The name "Capo le Case" basically means "Where the houses end", and that was true at the start of the church's history. The area was open countryside when Pope Sixtus V had the Via Sistina built, and it attracted several religious foundations from the late 16th century. The Discalced Carmelite nuns of the reform begun by St Teresa of Avila settled here in 1598, and finished their purpose-built church in 1628. It remained the convent chapel until the nuns were dispossessed by the Italian government in 1873. Then it was deconsecrated for a time in the late 19th century, and the fittings dispersed. They included several very important works of art, since the nunnery was popular among Roman benefactors for the strictness of its way of life. The church received a new lease of life when it was taken over by the Archconfraternity of the Precious Blood in 1936.

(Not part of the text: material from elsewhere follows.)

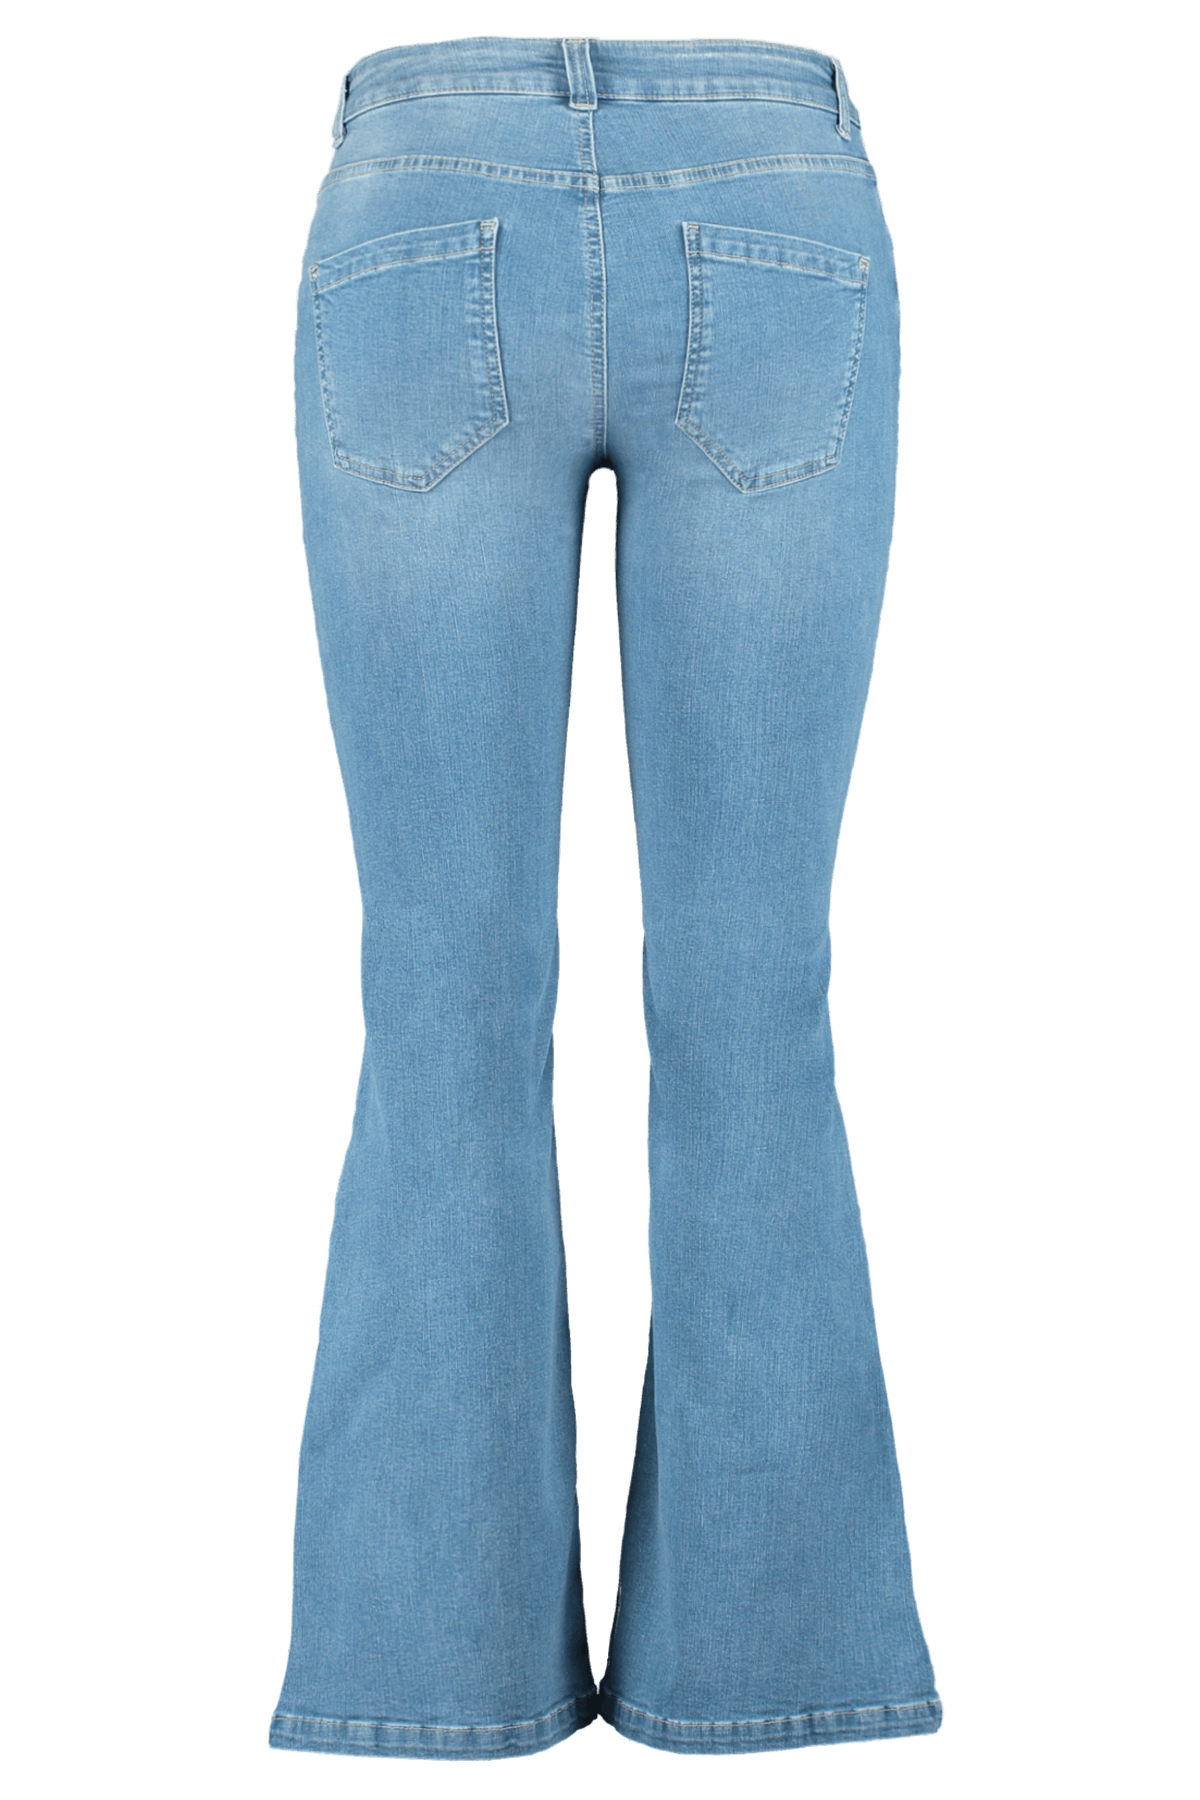 Flared jeans image 2
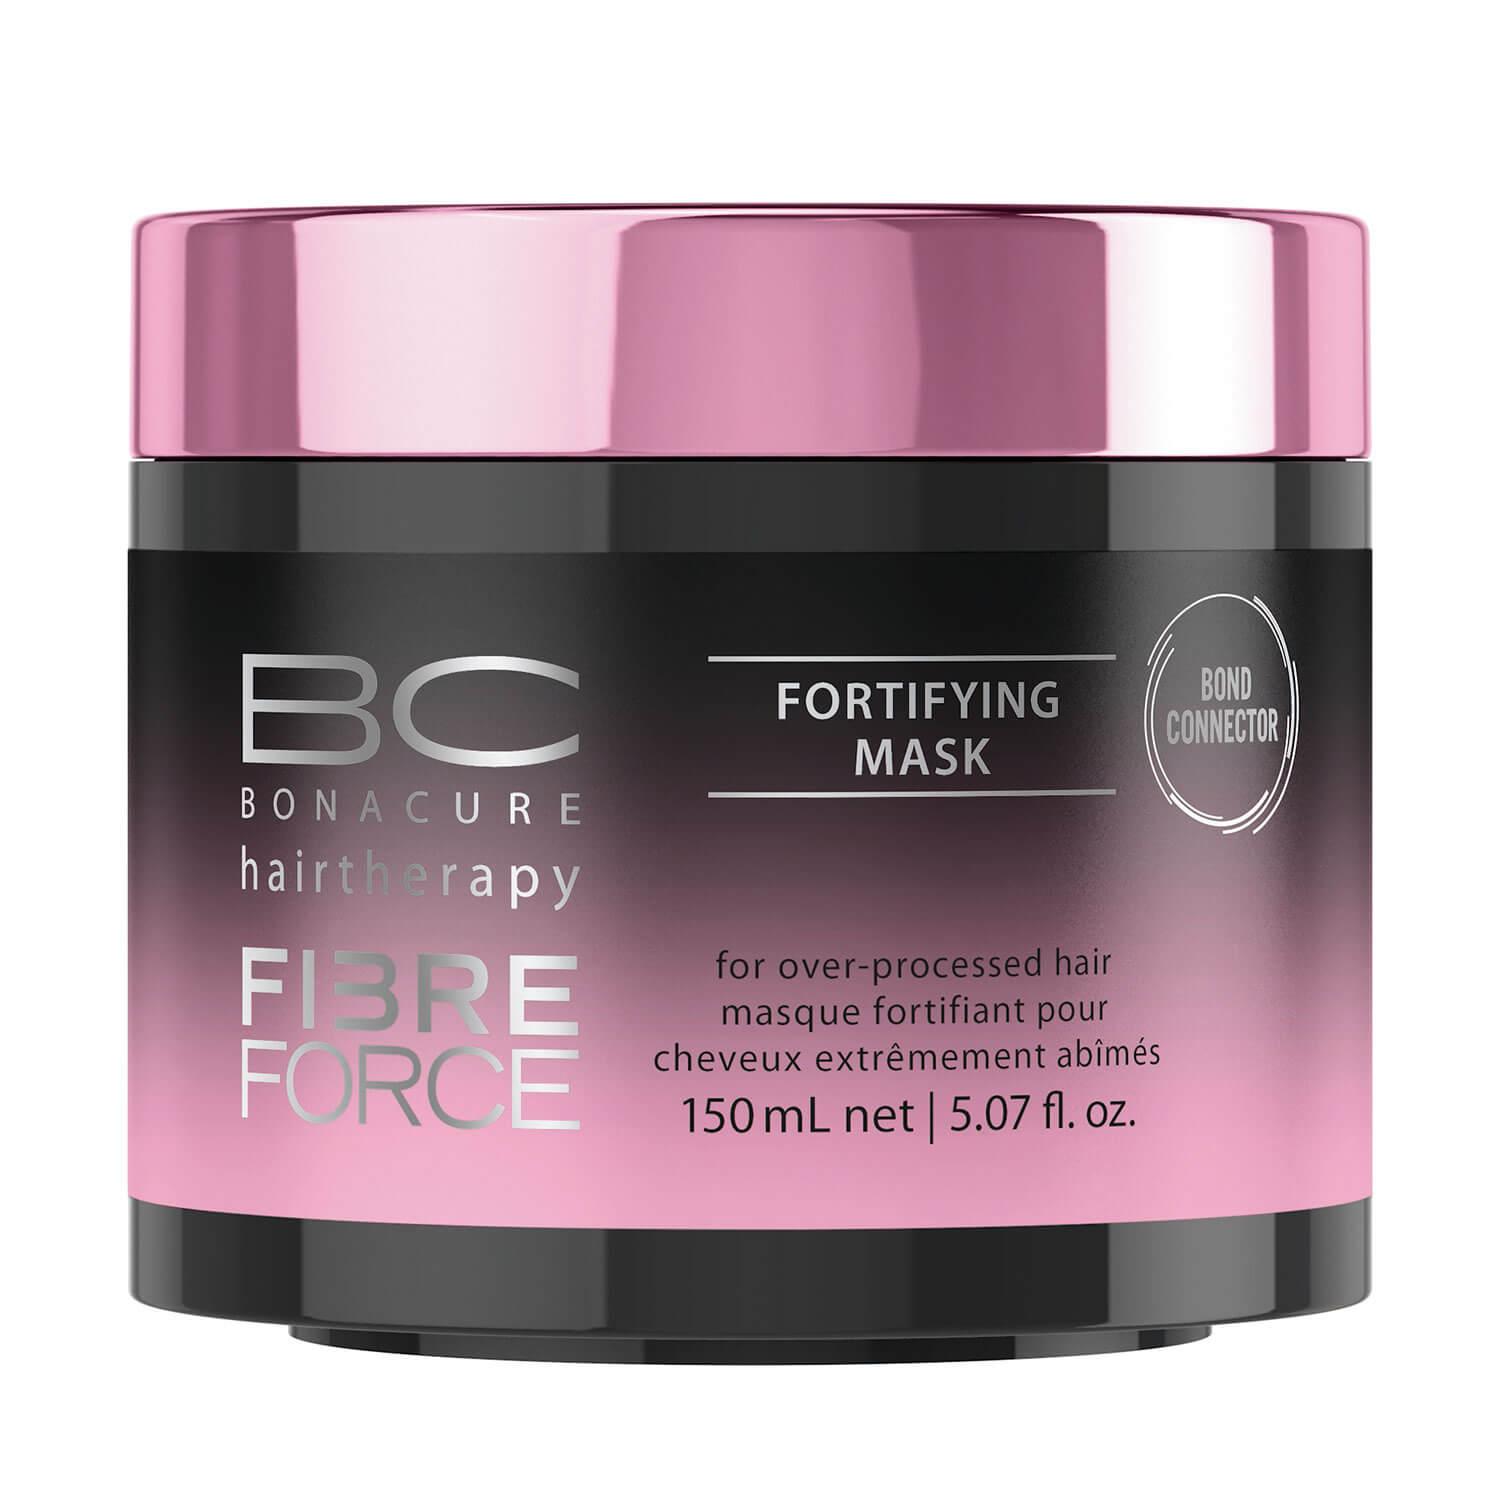 BC Fibre Force - Fortifying Mask

ExteriorEditThe simple and rather grim two-storey gabled façade bears witness that the nuns had little money when they first settled on this site. It is mostly of red brick, with some architectural details in limestone. The doorcase has a raised triangular pediment, and above it is a panel containing a mosaic of St Joseph with the Child Jesus. An interesting detail is that the doorcase is carved so as to look as if the tops of the jambs have been sliced through diagonally and displaced. There are four brick pilasters with stone Ionic capitals embellished with swags and winged heads of putti for the first storey, and they support an entablature. In the second storey is a central rectangular window flanked by four pilasters with an arched and conched niche between each pair. All of these are in brick. The entablature has Doric capitals for the pilasters superimposed, and above is a blank triangular pediment.
Since the interior was gutted when the nunnery was suppressed, the present decoration and furnishings are entirely modern.
The Franciscan lay-brother mystic St Charles of Sezze received the stigmata while attending Mass in this church in 1648. A picture of the event is preserved at the Franciscan convent at Bellagra, which purports to show the interior as it was then.